Do determine before you start to use the devices what your state consumer protection authorities and/or your state attorney general have to say about the devices.

Do your "due diligence" on the company selling the devices. See if the company has done its legal homework. Some of the companies have gotten themselves pretty far up the curve on legal issues, especially disclosure requirements, while others are just beginning to grapple with these topics.

Do alert your insurance carrier that you intend to use the devices, and get confirmation in writing that risks arising from the use of the devices are covered by your policy.

Do have the personnel who will install the devices properly trained, or use properly trained third-party installers.

Do have the use of the devices and all paperwork dealing with the devices reviewed by your lawyer. Have him or her check that the use of the devices complies with both state and federal law.

Do consider using an arbitration agreement in connection with your financed sales and leases. It will go a long way toward keeping you out of class actions and will reduce your exposure to runaway jury verdicts.

Do fully disclose to the customer that the device is on the vehicle, how the device works, emergency procedures, if any, and anything else your lawyer tells you to disclose.

Do contact your state legislators and consumer protection authorities, and educate them on how the devices work, how you intend to use them, and how they benefit you and your customers – if you let the consumer advocates tell the story, you won’t like the result. If at all possible, get the device manufacturer to assist in this process. Tell the authorities that you want to be alerted if any regulations or bills are introduced dealing with the devices.

Do contact the folks at your state auto dealers association, and tell them that the devices are an important issue for you. Tell them that you expect them to watch for any state legislative or regulatory activity concerning the devices.

Don’t try to pass the cost of the devices along to the customers whose cars are to be equipped with the devices. Treat the cost as a general item of overhead, like the dealership’s electricity bill. And on a related issue, the legal problems that arise when you require the installation of the device and then try to market it as an anti-theft system give us heartburn.

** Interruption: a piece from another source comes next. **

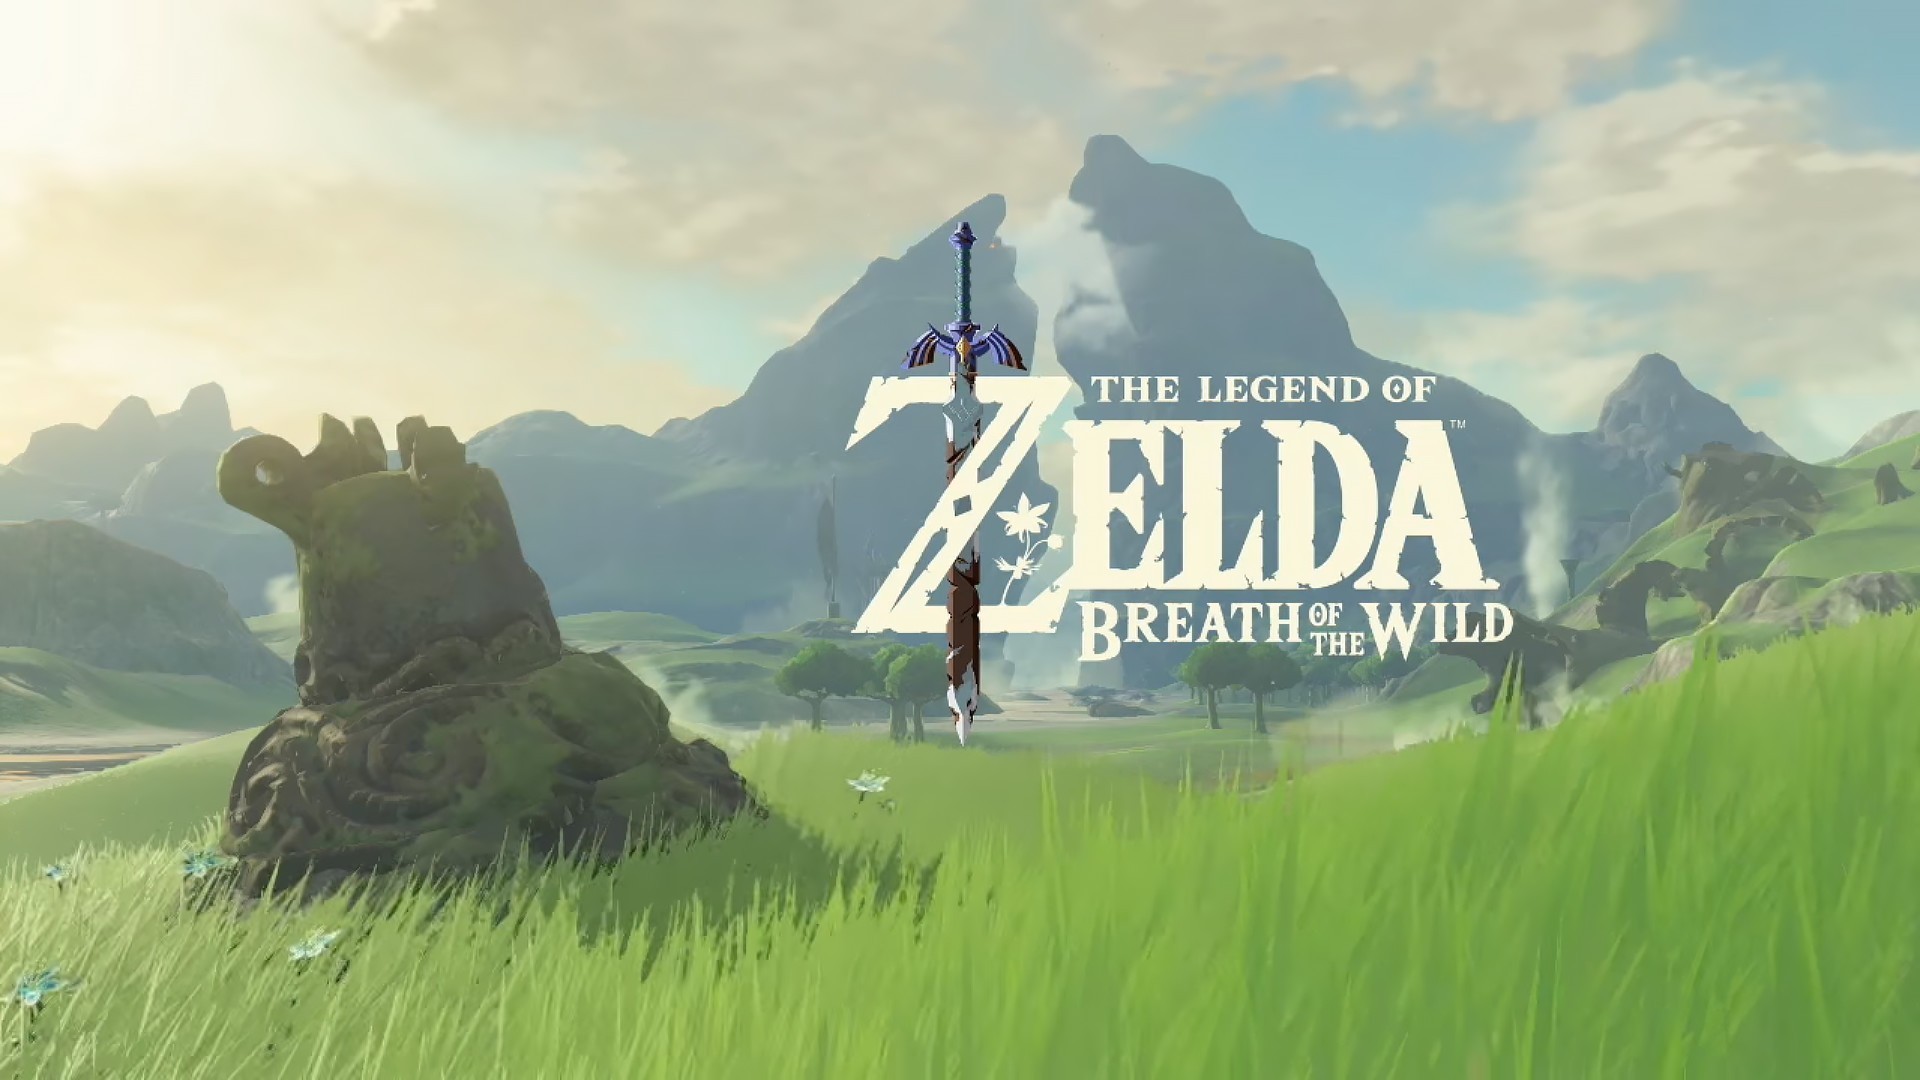 1920x1080 Computerspiele - The Legend of Zelda: Breath of the Wild The Legend of Zelda  Wallpaper
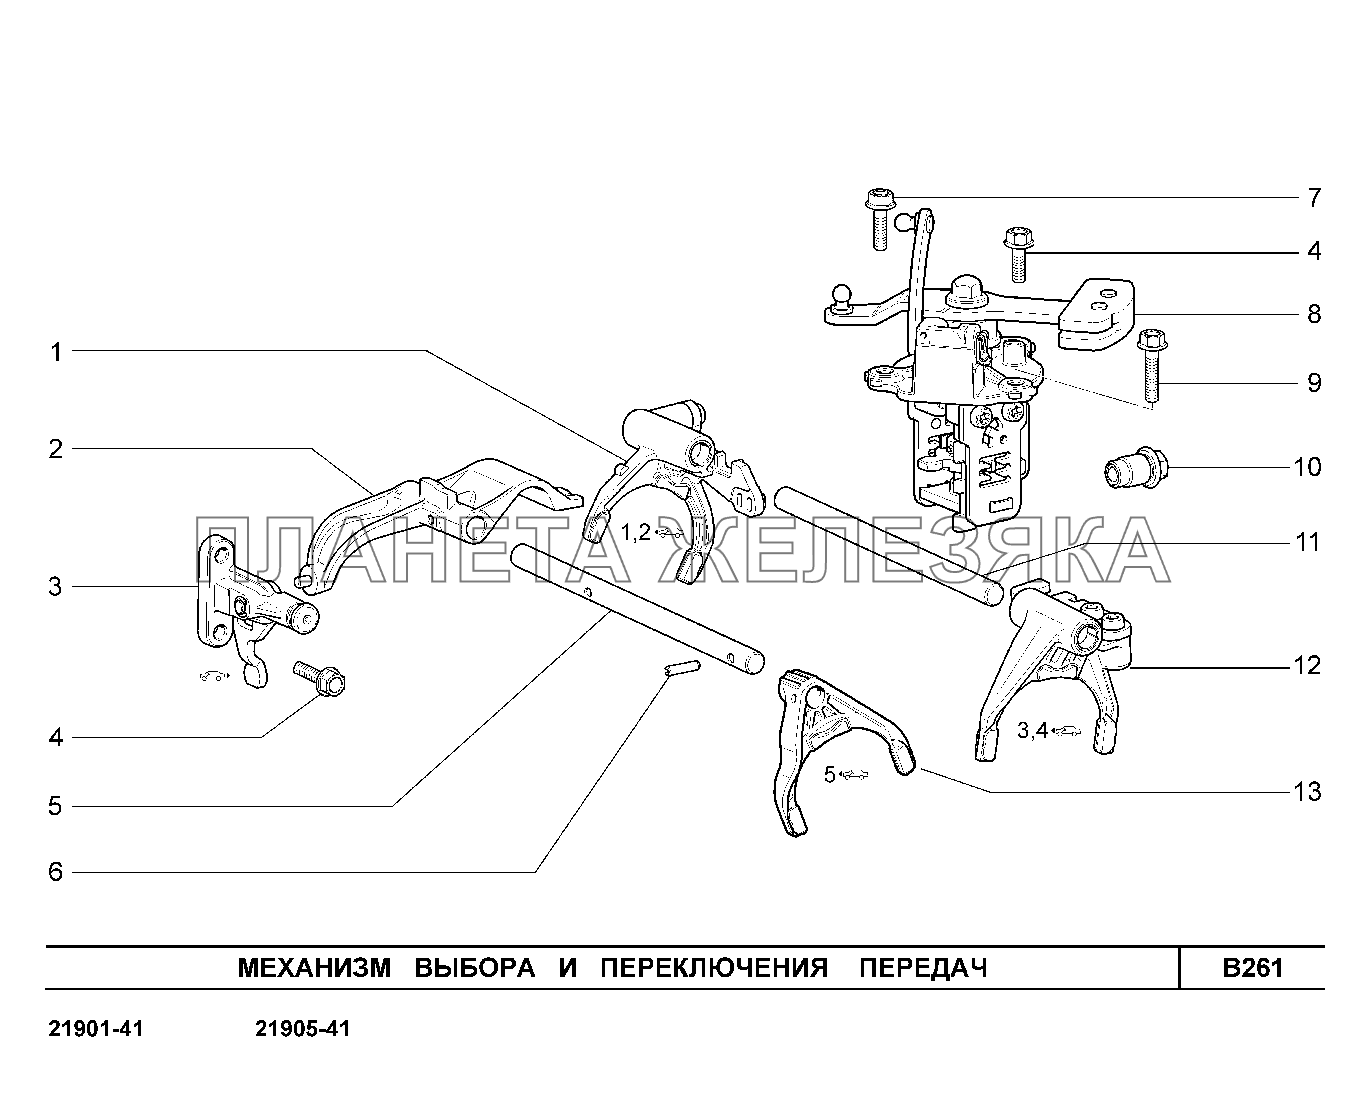 B261. Механизм выбора и переключения передач Lada Granta-2190

Don’t make claims about the supposed advantages of the device to the customer – this is a payment collection device, pure and simple. Tell the customer exactly what the device does. Be especially careful in those states that have so-called "credit repair" statutes – courts in some states have held that car dealers that find financing for their customers or who offer to help the customers improve their credit ratings fall within such statutes, triggering disclosure, licensing, and other requirements. Don’t tell the customer that installing the device will improve the customer’s credit rating.

Don’t discriminate in requiring the devices in a manner that violates federal or state anti-discrimination laws. If you discriminate on a "neutral" basis, such as credit scores, be alert to the possibility that, at least under the federal Equal Credit Opportunity Act, discrimination on a neutral basis can violate the ECOA if such discrimination has the "effect" of discriminating on a protected basis.

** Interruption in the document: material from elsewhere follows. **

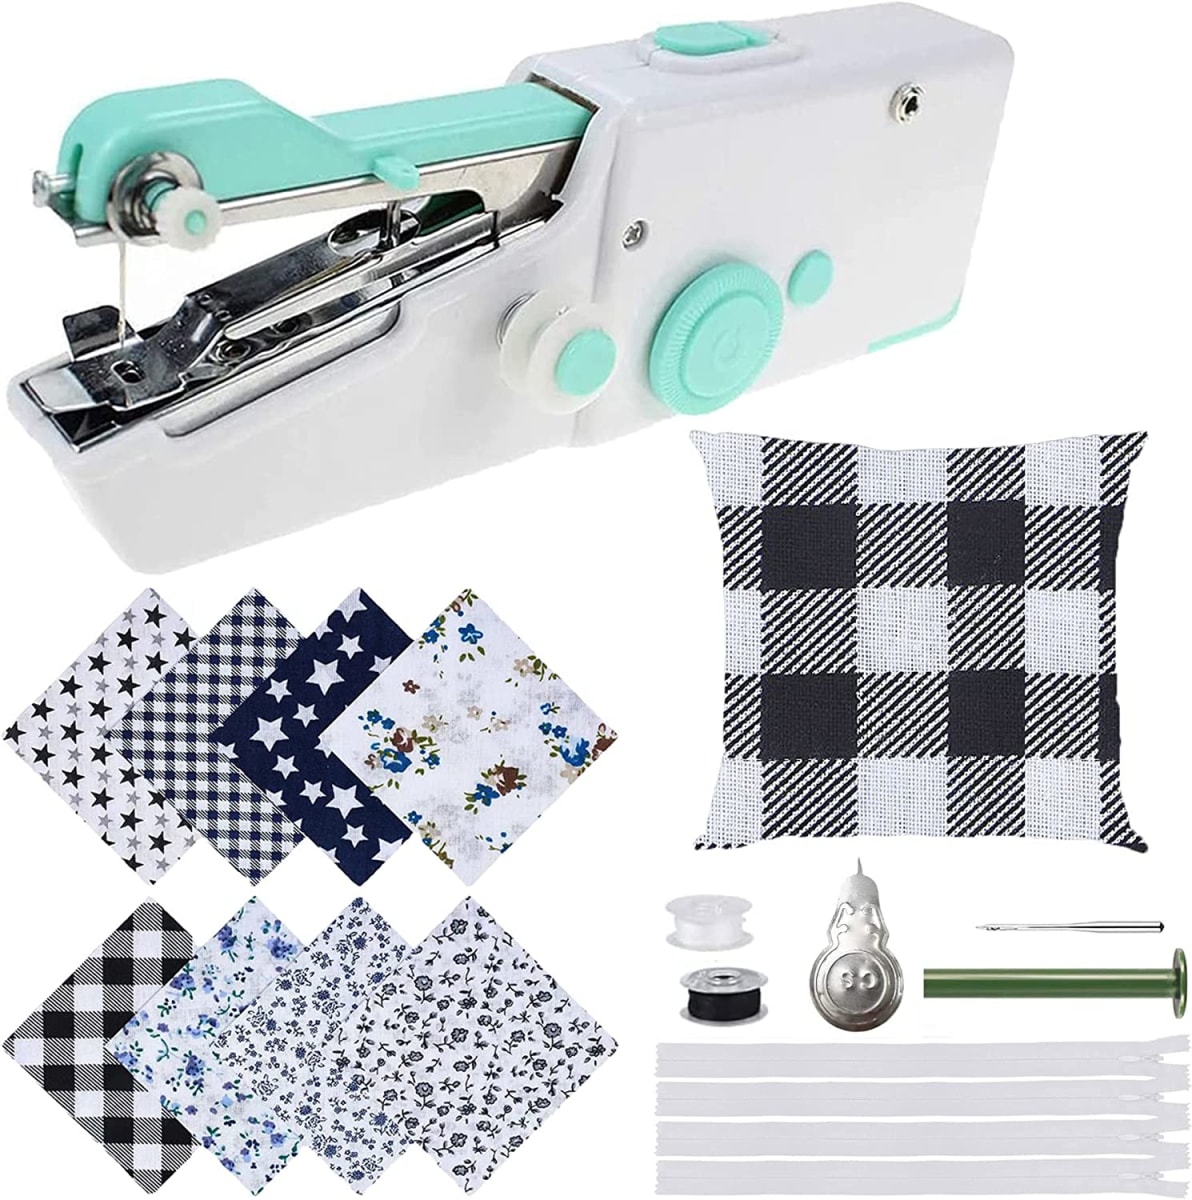 Handheld Sewing Machine Kit
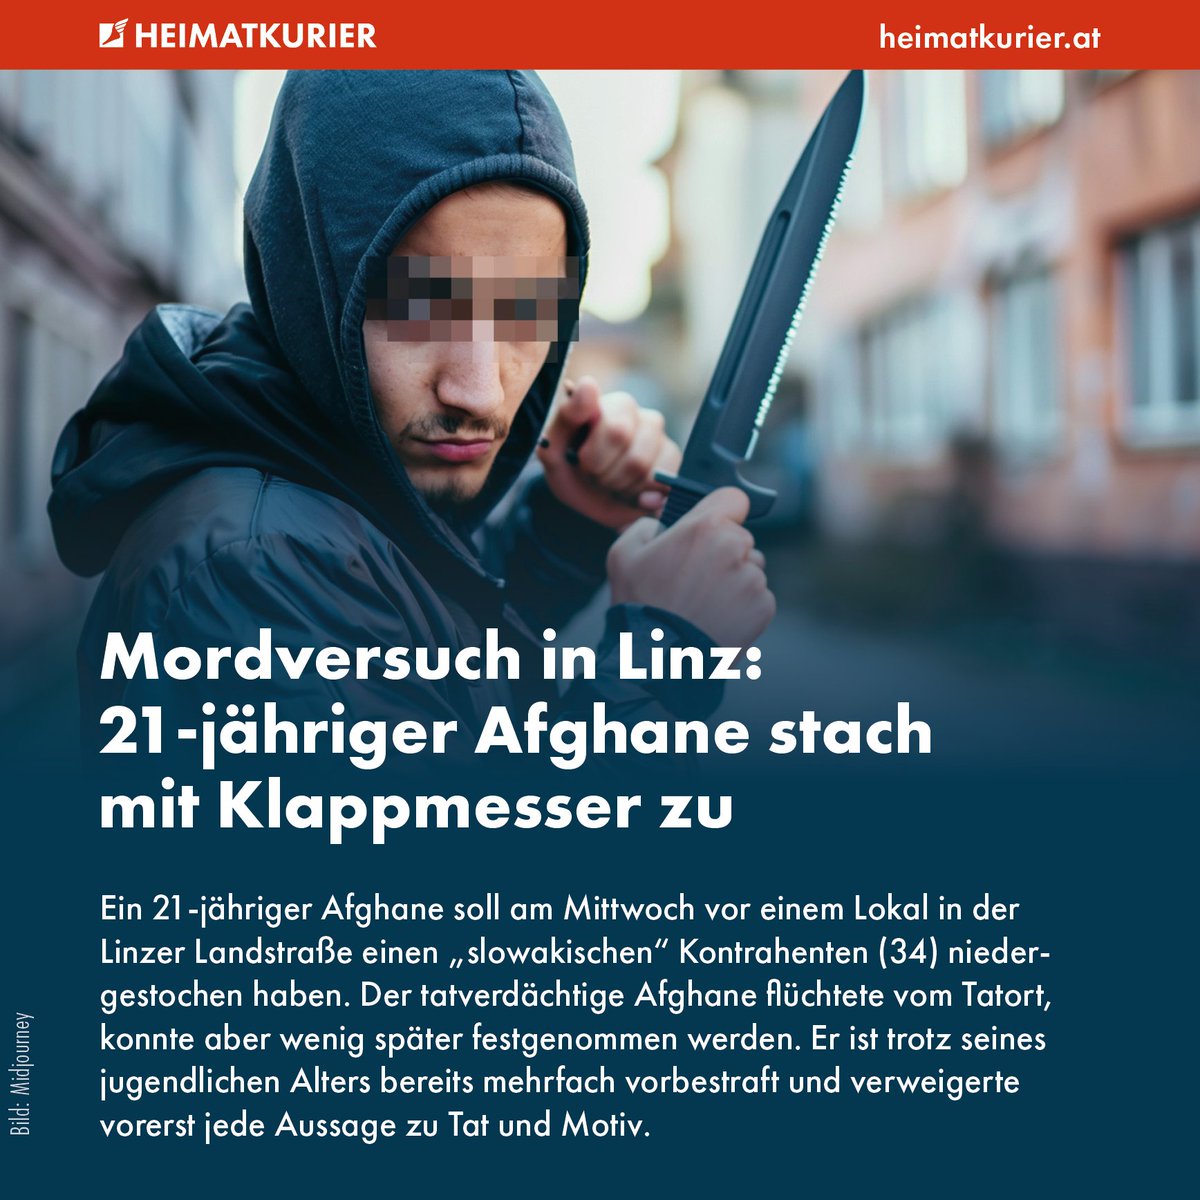 Ein in Linz lebender Afghane (21), der mittlerweile auch die österreichische Staatsbürgerschaft besitzt, soll gestern plötzlich ein 20 Zentimeter langes Klappmesser gezogen haben. Dieses soll er einem 34-jährigen „Slowaken” – vermutlich ein Angehöriger des „fahrenden Volkes” – in…

Copyright © 2009 CounselorLibrary.com LLC. All rights reserved. This article appeared in Spot
Delivery®. Reprinted with express permission from CounselorLibrary.com.
More "dos" and "don’ts" will no doubt emerge as the use of the devices spreads. As far as the future of the devices is concerned, a lot is riding on how they are used. If dealers and finance companies use the devices with care and in connection with finance and lease programs that are fair in every sense, including the price of the car and the cost of financing, then the devices may well become more "mainstream" and acceptable by those who currently criticize them.
If, though, sharp operators (or careless ones) use the devices in ways that are overreaching or are perceived to be overreaching, look for courts and regulatory authorities to seek to curb or prohibit their use.

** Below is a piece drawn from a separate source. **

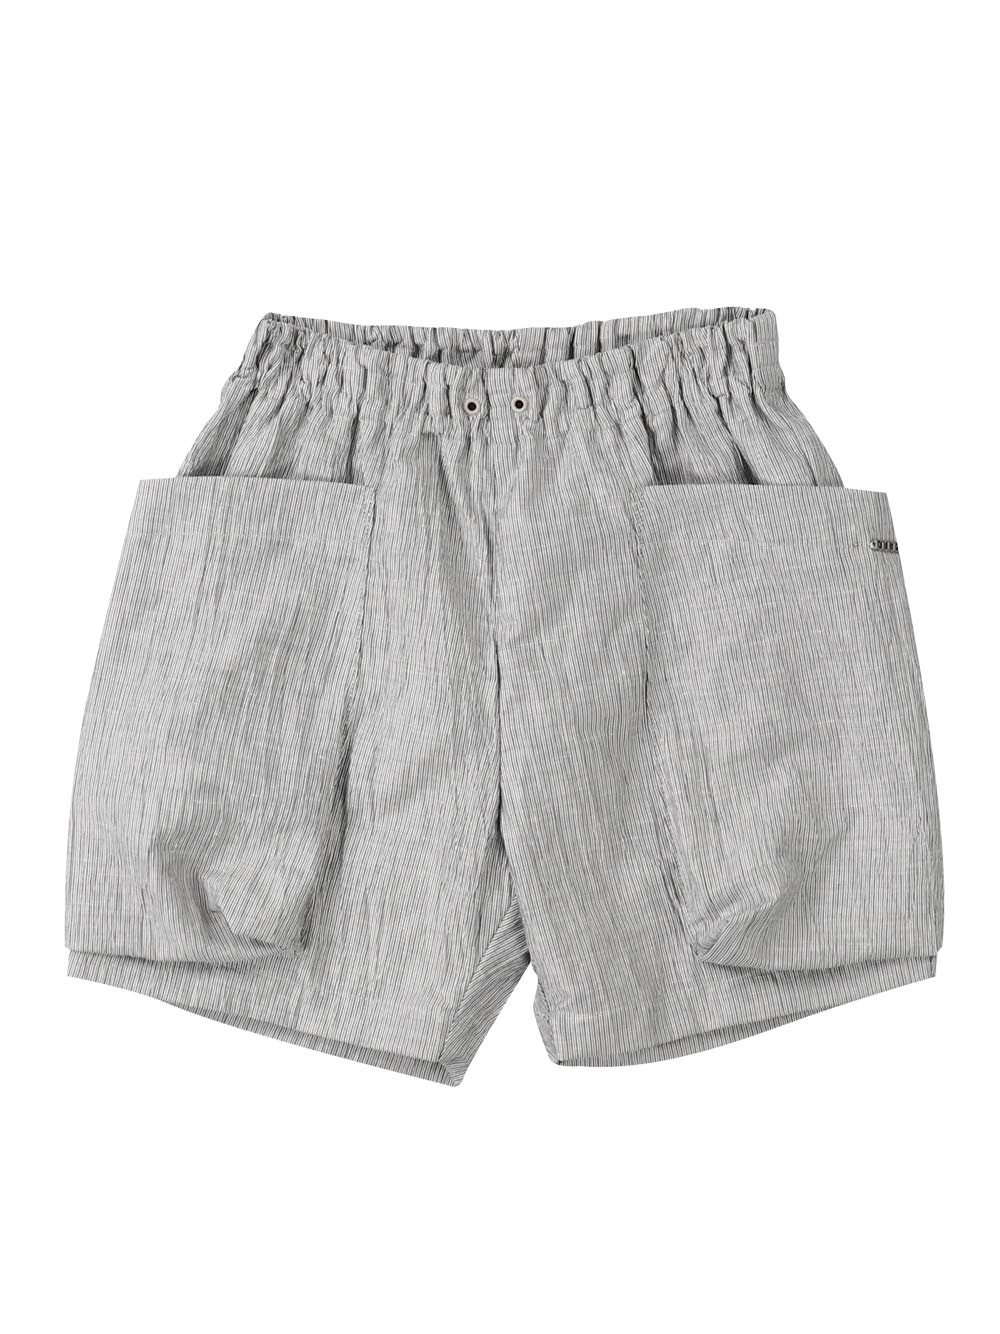 Big Pockets Grey Shorts

*Thomas B. Hudson, Esq. ( This e-mail address is being protected from spambots. You need JavaScript enabled to view it ) is the Publisher of Spot Delivery®, a monthly legal newsletter for auto dealers, and the Editor in Chief of CARLAW®, a monthly report of legal developments in all states for the auto finance and leasing industry. He is also a partner in the Maryland office of Hudson Cook, LLP. Spot Delivery and CARLAW are produced by CounselorLibrary.com LLC, 7250 Parkway Drive, 5th Floor, Hanover, MD 21076-1343. For information, call 410-865-5411 or visit www.counselorlibrary.com.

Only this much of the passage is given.